Task details:
Scan the material below for lines with the word "chocolate" and report how many there are, with nothing added.

Top of Supplied information

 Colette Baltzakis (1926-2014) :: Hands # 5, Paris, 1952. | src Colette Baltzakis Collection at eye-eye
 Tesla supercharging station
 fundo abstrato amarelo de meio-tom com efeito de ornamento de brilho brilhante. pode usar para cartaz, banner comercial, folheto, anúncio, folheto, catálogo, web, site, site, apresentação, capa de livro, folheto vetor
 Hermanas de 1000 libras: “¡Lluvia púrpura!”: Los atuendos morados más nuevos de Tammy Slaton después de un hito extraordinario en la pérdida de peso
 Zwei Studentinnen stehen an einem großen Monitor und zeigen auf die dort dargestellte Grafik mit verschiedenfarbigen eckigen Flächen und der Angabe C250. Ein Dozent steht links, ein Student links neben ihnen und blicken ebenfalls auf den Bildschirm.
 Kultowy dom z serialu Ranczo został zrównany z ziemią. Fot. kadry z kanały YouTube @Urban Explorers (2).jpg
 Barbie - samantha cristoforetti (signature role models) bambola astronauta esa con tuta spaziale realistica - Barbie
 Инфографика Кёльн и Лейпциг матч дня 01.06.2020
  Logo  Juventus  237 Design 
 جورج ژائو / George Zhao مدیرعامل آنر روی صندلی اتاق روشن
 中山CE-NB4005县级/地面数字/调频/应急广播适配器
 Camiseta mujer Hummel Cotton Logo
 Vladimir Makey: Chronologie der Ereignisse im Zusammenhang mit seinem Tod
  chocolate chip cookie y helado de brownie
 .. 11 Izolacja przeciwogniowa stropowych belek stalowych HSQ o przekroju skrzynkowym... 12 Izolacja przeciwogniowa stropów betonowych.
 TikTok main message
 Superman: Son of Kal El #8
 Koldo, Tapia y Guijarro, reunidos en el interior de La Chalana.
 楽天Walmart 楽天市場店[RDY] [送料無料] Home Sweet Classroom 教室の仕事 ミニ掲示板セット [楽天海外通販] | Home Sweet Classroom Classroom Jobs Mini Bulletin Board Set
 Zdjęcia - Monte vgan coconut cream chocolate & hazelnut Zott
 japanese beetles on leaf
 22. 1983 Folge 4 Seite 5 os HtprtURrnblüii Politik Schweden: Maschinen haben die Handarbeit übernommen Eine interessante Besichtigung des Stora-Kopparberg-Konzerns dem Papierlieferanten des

Bottom of Supplied information

Task output:
2